Natural-language judgment is the wrong tool for exactness. "Verify the total looks right" invites the model to approximate, and approximation on a number is a bug waiting to pass. If the correct total is $49.99, assert that exact value. Money, counts, quantities, decimal precision, anything where being off by a cent or an item is a defect, should be stated as the concrete value you expect.

# Fuzzy on a number: invites a wrong-but-passing verdict
browserbash run "check out and verify the total looks correct"

# Exact: the verdict is true only if the number is exactly right
browserbash run "check out and verify the order total equals $49.99"

The exact version is still a natural-language assertion, but it pins the judgment to a specific value the model must match, removing the room to approximate. For truly critical numeric paths, even this is best backed by a deterministic check, covered below.

Mitigations that make these assertions trustworthy

The failure modes are manageable with a handful of habits that move natural-language assertions from "neat but risky" to "trustworthy on the paths where you have done the work."

Write specific, observable assertions

The cheapest and highest-leverage habit. Assert concrete facts the model can read directly off the page: "the heading says Thank you," "the cart count is 1," "the success banner contains the order number." Each has exactly one truth condition, which leaves the model far less room to hallucinate and makes the verdict reproducible. Specificity is your first defense against both vagueness and the false pass.

Audit with --record and the Result.md

Trust comes from being able to check the work, and the run gives you two ways. Pass --record and it captures a webm video plus screenshots of what actually happened on screen, so you can watch the run and see for yourself whether the asserted condition held. The Result.md is the human-readable summary of the run and its verdict. When an assertion passes on a path you care about, do not just believe the green; open the recording and the summary and confirm the page really showed what the model said it showed. This is the practical defense against the hallucinated pass, walked through in the recording video and traces tutorial. The builtin engine's Playwright traces add a third, replayable view.

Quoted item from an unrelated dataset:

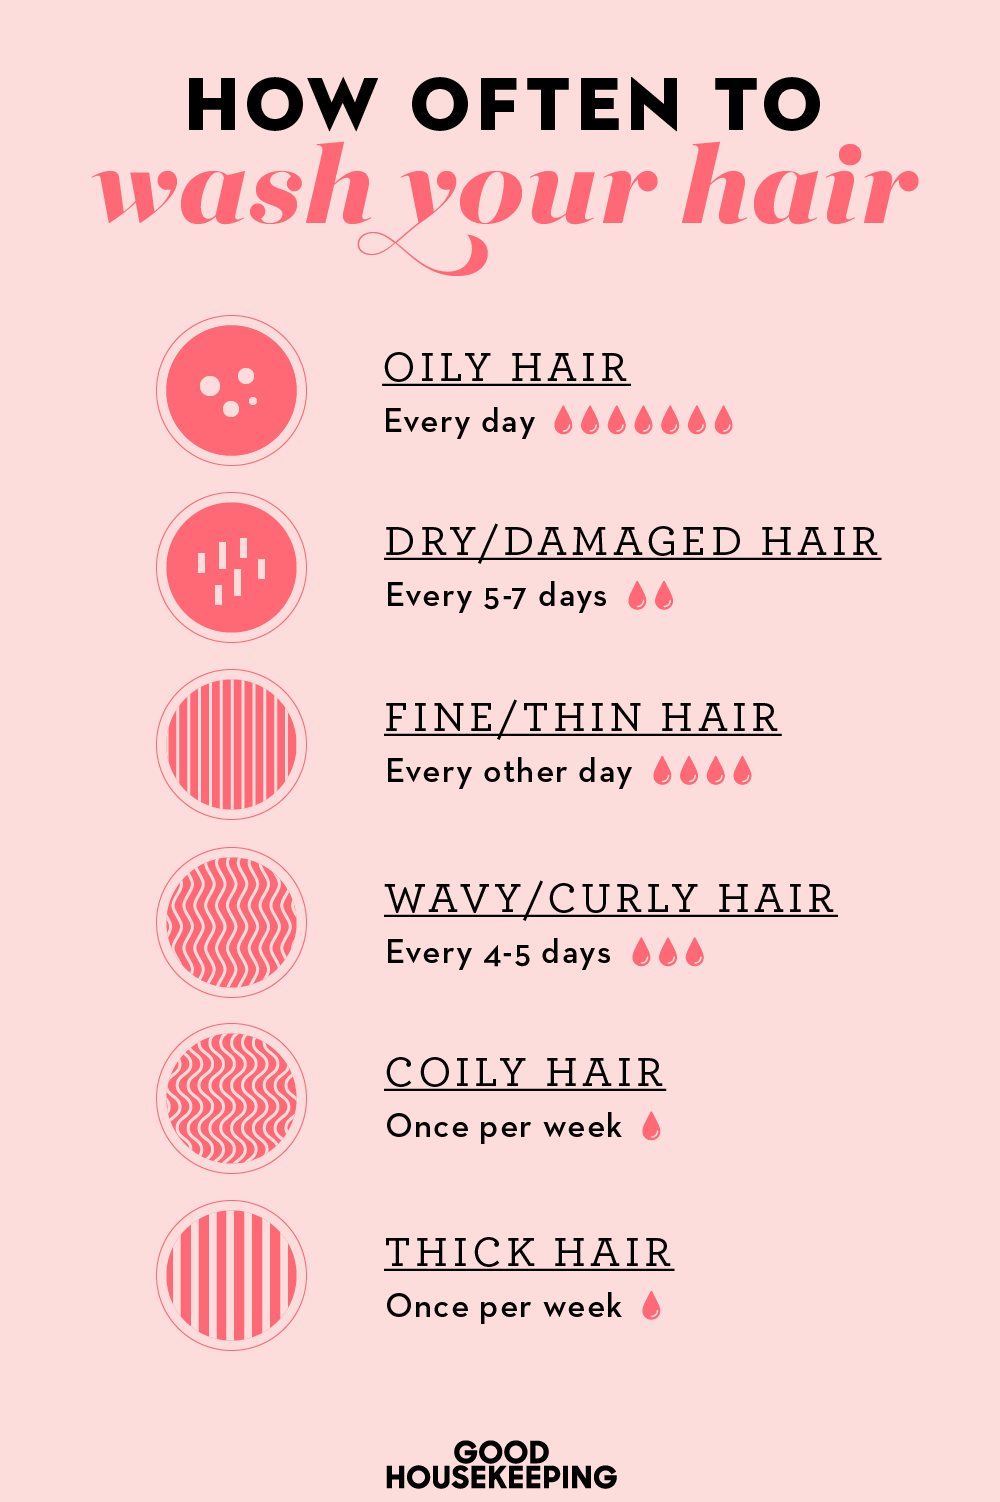 La frecuencia con la que debe lavarse el cabello, según su tipo de cabello

Use a more capable model on high-stakes checks

Assertion reliability scales with model capability, so spend it where the cost of a wrong verdict is highest. A mid-size local model is a fine default for crisp assertions on short flows. For a high-stakes check (a payment confirmation, a permissions boundary, anything where a false pass ships a real bug), escalate to a more capable model, which holds ambiguous judgments together more reliably and is less prone to confabulating a pass.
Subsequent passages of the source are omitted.